The poor railway affairs infrastructure cannot be judged as the cause of many train accidents in the country.

Those accidents rooted in the bureaucrats and public policy makers’s belief that their interest is higher and more than anything, therefore they do not take the rail users’s wellbeing into account.

The same belief — “My interest is higher and more than anything” – is also at the root of municipal police’s violence as well as the deepening of deprivation among low-income people in this country.

It is very important to highlight the A-B-C logic as a right standpoint prevailing over the A-C logic.
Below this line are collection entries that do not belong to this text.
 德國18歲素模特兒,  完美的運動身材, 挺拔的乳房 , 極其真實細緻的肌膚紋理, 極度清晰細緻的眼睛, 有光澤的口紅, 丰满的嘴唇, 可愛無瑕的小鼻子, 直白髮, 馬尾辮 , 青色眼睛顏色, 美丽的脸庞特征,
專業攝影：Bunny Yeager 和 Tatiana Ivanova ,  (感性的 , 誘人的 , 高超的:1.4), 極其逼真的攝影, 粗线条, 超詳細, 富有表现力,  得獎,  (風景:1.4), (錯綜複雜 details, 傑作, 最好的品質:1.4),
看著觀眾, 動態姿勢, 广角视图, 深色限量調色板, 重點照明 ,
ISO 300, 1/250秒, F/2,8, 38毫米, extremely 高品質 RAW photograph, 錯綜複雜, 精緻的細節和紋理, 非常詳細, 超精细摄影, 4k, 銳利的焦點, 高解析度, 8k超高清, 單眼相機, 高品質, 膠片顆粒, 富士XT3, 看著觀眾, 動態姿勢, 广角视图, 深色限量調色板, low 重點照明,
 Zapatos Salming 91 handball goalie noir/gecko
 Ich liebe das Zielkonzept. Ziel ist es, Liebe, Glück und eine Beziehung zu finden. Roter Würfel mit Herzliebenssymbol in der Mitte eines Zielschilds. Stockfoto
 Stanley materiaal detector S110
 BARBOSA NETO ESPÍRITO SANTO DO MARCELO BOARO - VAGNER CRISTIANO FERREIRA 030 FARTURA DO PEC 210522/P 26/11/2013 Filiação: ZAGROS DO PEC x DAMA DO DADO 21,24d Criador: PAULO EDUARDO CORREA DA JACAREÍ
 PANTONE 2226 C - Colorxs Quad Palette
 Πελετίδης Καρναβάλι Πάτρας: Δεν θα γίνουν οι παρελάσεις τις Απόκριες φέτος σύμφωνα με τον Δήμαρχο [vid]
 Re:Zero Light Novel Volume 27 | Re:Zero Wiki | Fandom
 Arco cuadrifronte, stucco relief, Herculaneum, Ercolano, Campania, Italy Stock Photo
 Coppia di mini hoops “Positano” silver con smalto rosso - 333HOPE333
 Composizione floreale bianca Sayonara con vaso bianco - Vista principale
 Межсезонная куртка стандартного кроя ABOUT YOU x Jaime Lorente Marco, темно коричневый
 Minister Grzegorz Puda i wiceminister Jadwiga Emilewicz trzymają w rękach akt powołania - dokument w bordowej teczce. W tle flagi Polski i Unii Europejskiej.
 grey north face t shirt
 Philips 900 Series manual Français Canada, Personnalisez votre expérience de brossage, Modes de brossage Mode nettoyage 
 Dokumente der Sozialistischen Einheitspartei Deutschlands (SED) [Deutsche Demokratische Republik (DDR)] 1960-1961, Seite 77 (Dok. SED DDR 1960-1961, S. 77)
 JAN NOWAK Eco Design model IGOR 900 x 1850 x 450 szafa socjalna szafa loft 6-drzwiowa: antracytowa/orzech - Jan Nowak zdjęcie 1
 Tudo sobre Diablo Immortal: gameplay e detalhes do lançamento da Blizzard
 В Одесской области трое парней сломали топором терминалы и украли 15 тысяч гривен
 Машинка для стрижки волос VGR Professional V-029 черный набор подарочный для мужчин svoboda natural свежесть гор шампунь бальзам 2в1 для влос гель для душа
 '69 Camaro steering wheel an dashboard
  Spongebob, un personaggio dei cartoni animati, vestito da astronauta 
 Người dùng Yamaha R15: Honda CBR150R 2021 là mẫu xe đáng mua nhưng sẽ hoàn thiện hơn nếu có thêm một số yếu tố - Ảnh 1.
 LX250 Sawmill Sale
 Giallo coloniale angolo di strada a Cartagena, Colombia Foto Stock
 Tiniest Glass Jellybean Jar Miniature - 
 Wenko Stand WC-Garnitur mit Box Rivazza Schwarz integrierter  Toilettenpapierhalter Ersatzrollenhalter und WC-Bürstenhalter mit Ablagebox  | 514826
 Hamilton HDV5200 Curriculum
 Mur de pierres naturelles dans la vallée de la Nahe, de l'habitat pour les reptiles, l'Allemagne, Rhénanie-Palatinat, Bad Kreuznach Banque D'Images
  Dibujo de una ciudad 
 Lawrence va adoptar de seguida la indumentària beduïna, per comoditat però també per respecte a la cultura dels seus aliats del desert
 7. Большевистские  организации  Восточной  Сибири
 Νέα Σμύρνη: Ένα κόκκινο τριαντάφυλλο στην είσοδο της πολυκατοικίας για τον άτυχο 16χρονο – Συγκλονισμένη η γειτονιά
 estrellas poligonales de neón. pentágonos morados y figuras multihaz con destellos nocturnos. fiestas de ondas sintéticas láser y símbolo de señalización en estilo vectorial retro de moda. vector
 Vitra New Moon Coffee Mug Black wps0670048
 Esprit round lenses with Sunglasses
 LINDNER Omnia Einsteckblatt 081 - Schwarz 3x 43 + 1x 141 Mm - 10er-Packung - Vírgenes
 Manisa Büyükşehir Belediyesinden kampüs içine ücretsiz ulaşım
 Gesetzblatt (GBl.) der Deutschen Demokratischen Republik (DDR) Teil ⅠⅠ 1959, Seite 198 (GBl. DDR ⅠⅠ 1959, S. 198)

That highlighting emerges two major awareness.

The first, bureaucrats and public policy makers should not close their eyes to their inherent responsibility in the context of many painful experiences occurring in society.

This awareness is very important to motivate bureaucrats and public policy makers to unceasingly improve their performance as public servants.

The second, one of the basic mental problems of this nation — despite that the nation gained its independence 65 years ago — is the unconscious belief that individual’s interest is higher and more than anything.

As long as the nation never changes that belief with a new belief that public interest is higher and more than individual interest, people will always suffer from many painful experiences.


The writer, a psychotherapy-consultant psychiatrist in Malang, is chairman of the Psychotherapy Division of the Indonesian Psychiatric Association.